Semiconductors Are a Growing Pie: Their Equities Are a Buy
By John Tierney
(4 min read)
By John Tierney
(4 min read)
Semiconductors are the mechanical heart and brains of the digital age. Yet they are also something of a boom-and-bust industry, prone to shortages and followed by investment booms and overcapacity.
2021 has turned out to be a year of chip shortages. These have hamstrung the auto industry in particular as the pandemic spurred demand for a wide range of consumer electronic products.

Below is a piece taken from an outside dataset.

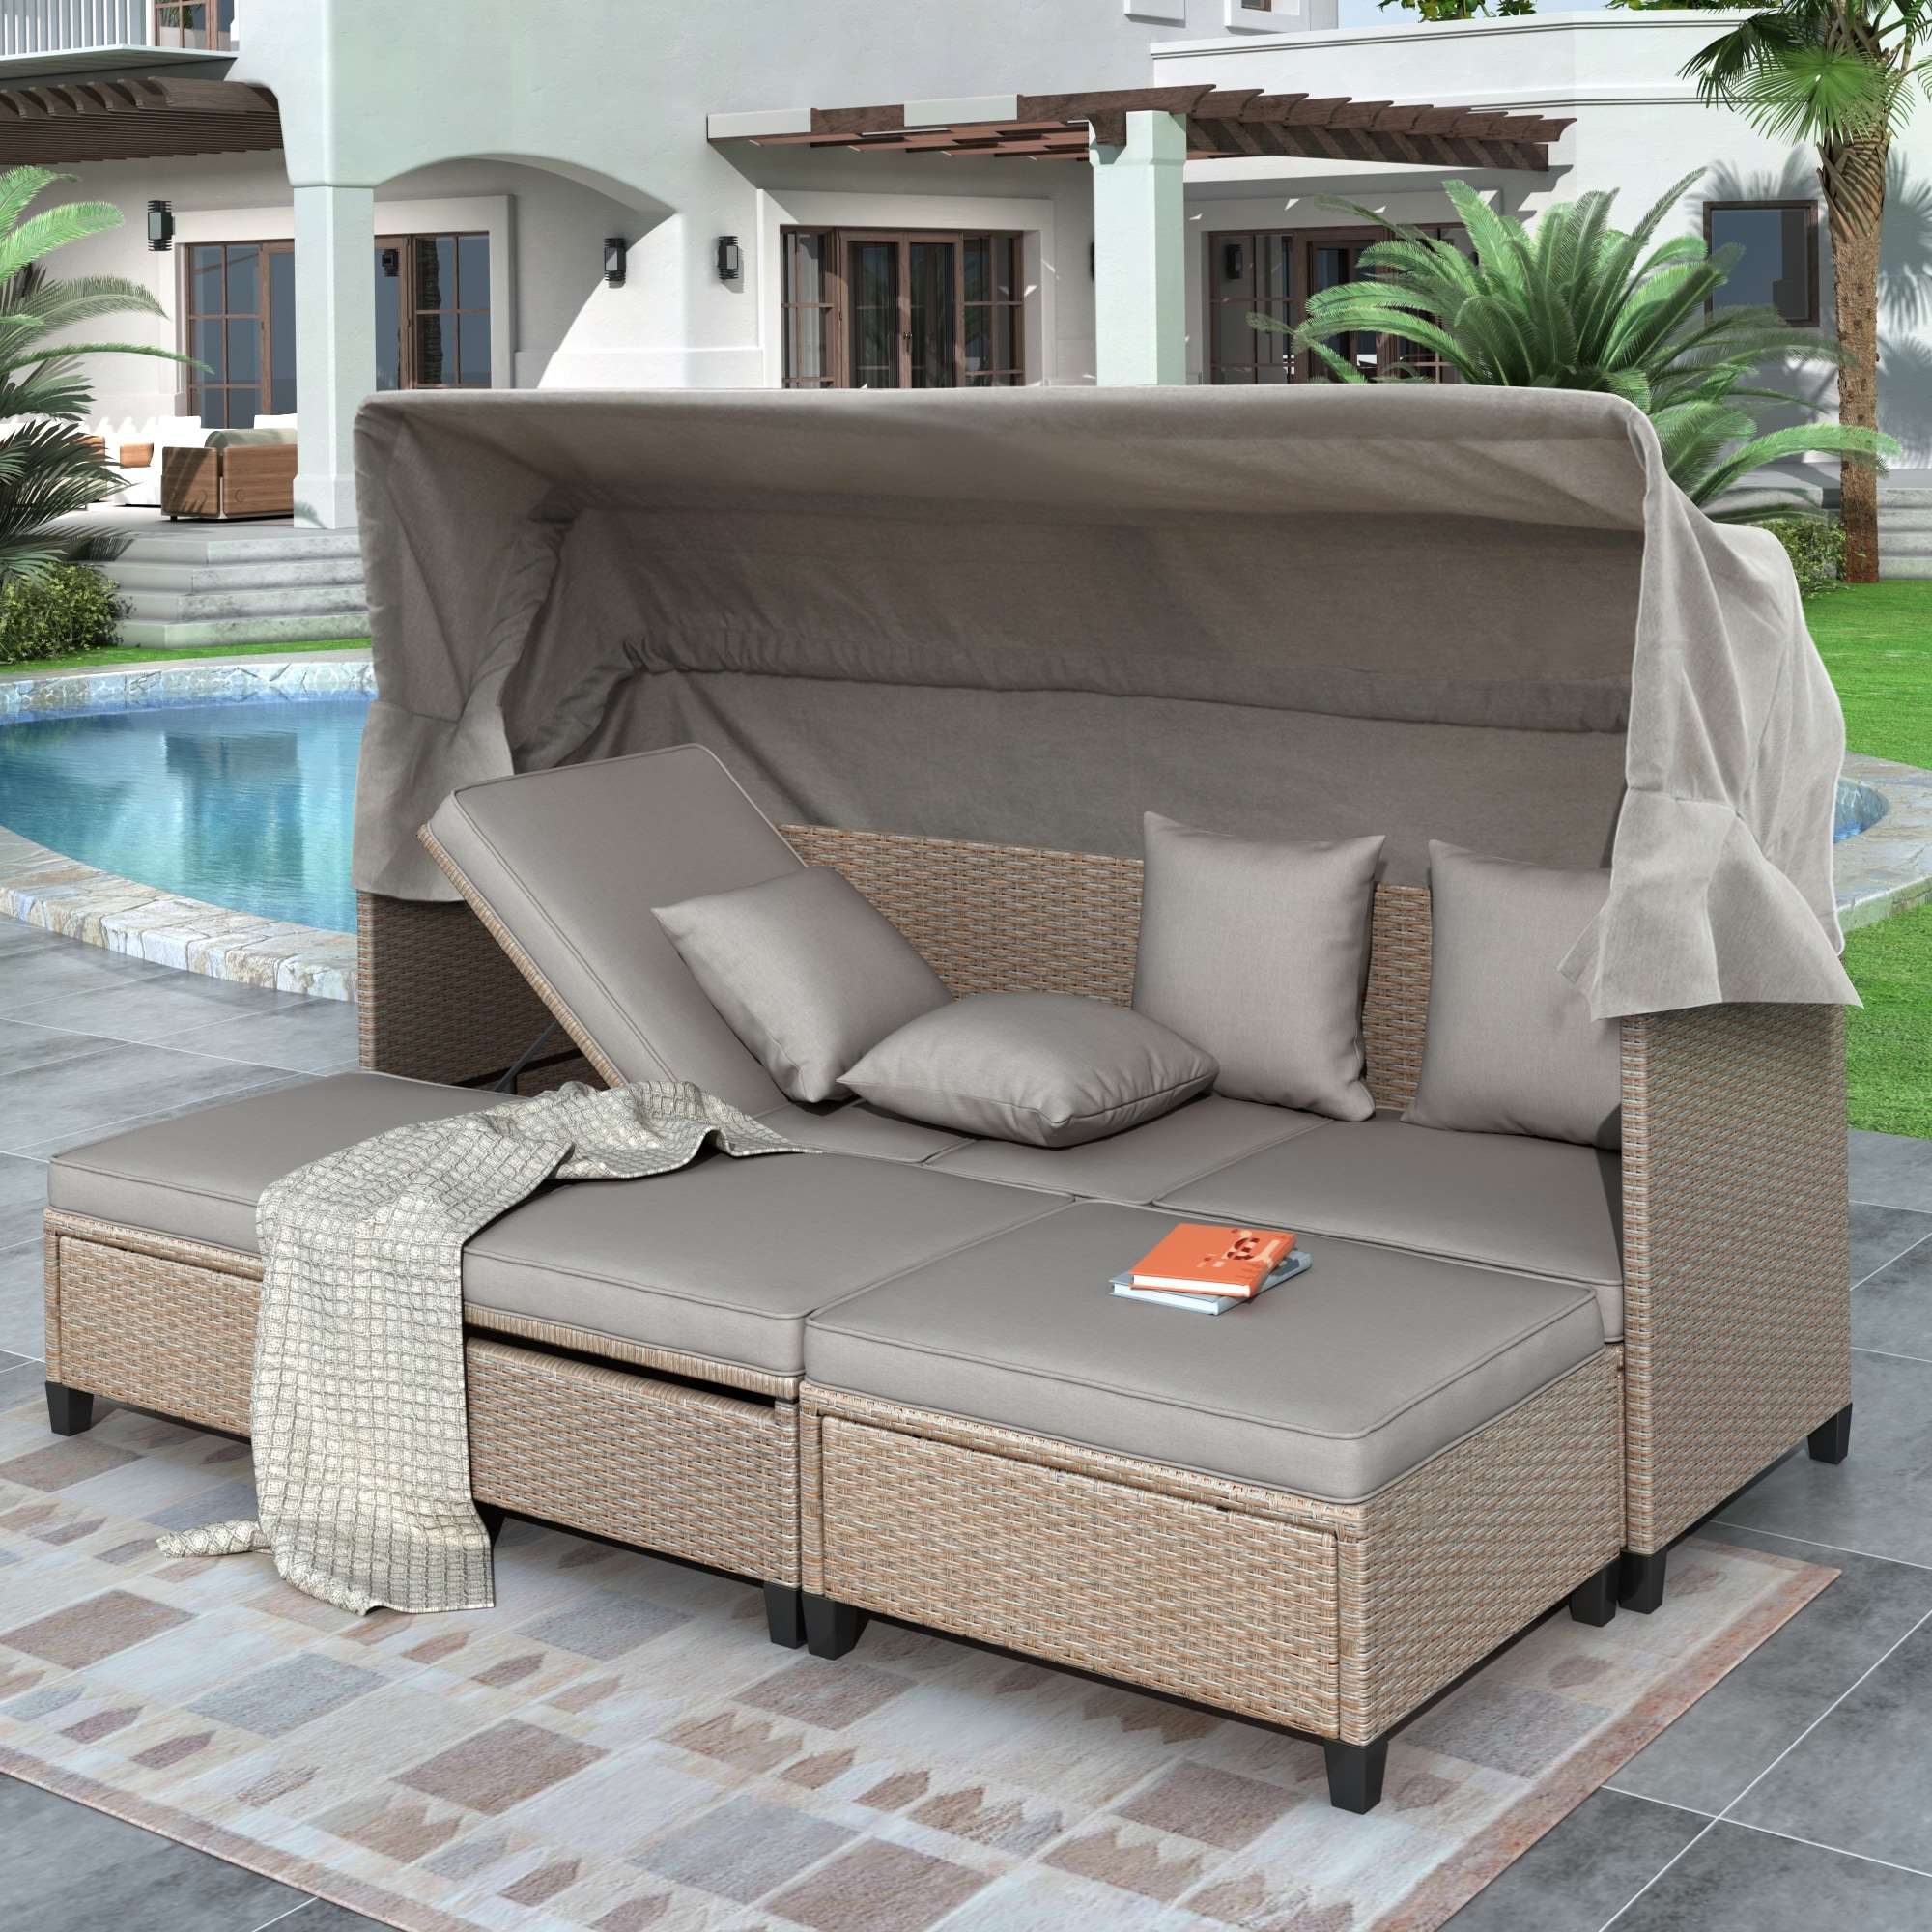 Outdoors Uv-resistant Sofa Set With Retractable Canopy  Lifting Table  Pillows  And Cushions

Semiconductor manufacturers are gearing up again. Will past prove to be prologue? My colleague Phil Suttle argued convincingly last week that this time is indeed different. Some key points:
Geopolitical tensions are another factor that will drive semiconductor supply and demand. Today, 87% of semiconductor production capacity is in Asia. With the cost and risks of this exposure both apparent and rising, the US and Europe plan to invest in developing domestic foundry industries. This may lead to overcapacity at some point, but between the time it will take to build this capacity largely from scratch and the ongoing growth of digital technology, this day is some way off.
Underlying industrial fundamentals for semiconductors appear robust. But does that mean the semiconductor industry is a good investment now?
The primary index for the semiconductor sector is the Philadelphia Semiconductor Index, or PHLX SOX. It covers 30 semiconductor companies that trade in the US, either in stock or ADR form.
Over the past decade, it has experienced periods of rallying strongly, then tracking broader markets (Chart 1). After lagging following the Global Financial Crisis, SOX rallied strongly from 2013 through mid-2014, then again from early 2016 to mid-2007. It started another rally in 2019, but the pandemic cut that short. It resumed after the election, but has traded in a volatile range in 2021 (Chart 2). Currently, it is about flat with SPY (the large S&P 500 ETF) and modestly outperforming the NASDAQ 100 (QQQ). Given the ongoing publicity about semiconductor chip shortages and growing pricing pressure, this relatively weak performance is surprising.
Clearly, markets are waiting to see how the semiconductor industry responds to shortages, and whether geopolitical issues outweigh underlying fundamentals.
From a macro and fundamental standpoint, being bearish on the semiconductor sector is difficult. We think another rally versus broader market indices is only a matter of time. That said, the risk lies more with short-term technicals. More analysts are calling for an equity market selloff between now and year end, although they are less forthcoming about the catalyst.
In our view, equities will not collapse of their own weight. Some external event must catalyse it – whether a debt ceiling crisis or an unexpected hawkish move by the Fed or other central bank. If an abrupt equity selloff strikes, semiconductor stocks will most likely underperform, providing an attractive opportunity to enter the sector.
We recommend investors start overweighting semiconductor stocks versus QQQ or SPY. This is an intermediate macro position. Investors should scale their overweight based on their views about near-term technicals.
Five ETFs track the semiconductor industry (Chart 3). Unsurprisingly, they mostly track the SOX and each other closely. Table 1 summarises key characteristics. SOXX is a passive ETF that matches the SOX. The other ETFs employ active management to try to outperform the index. XSD, for example, is also passive, but equally weighted so it favours the smaller growth companies. Their composition also varies slightly, with some holding other types of technology stocks with exposure to semiconductors.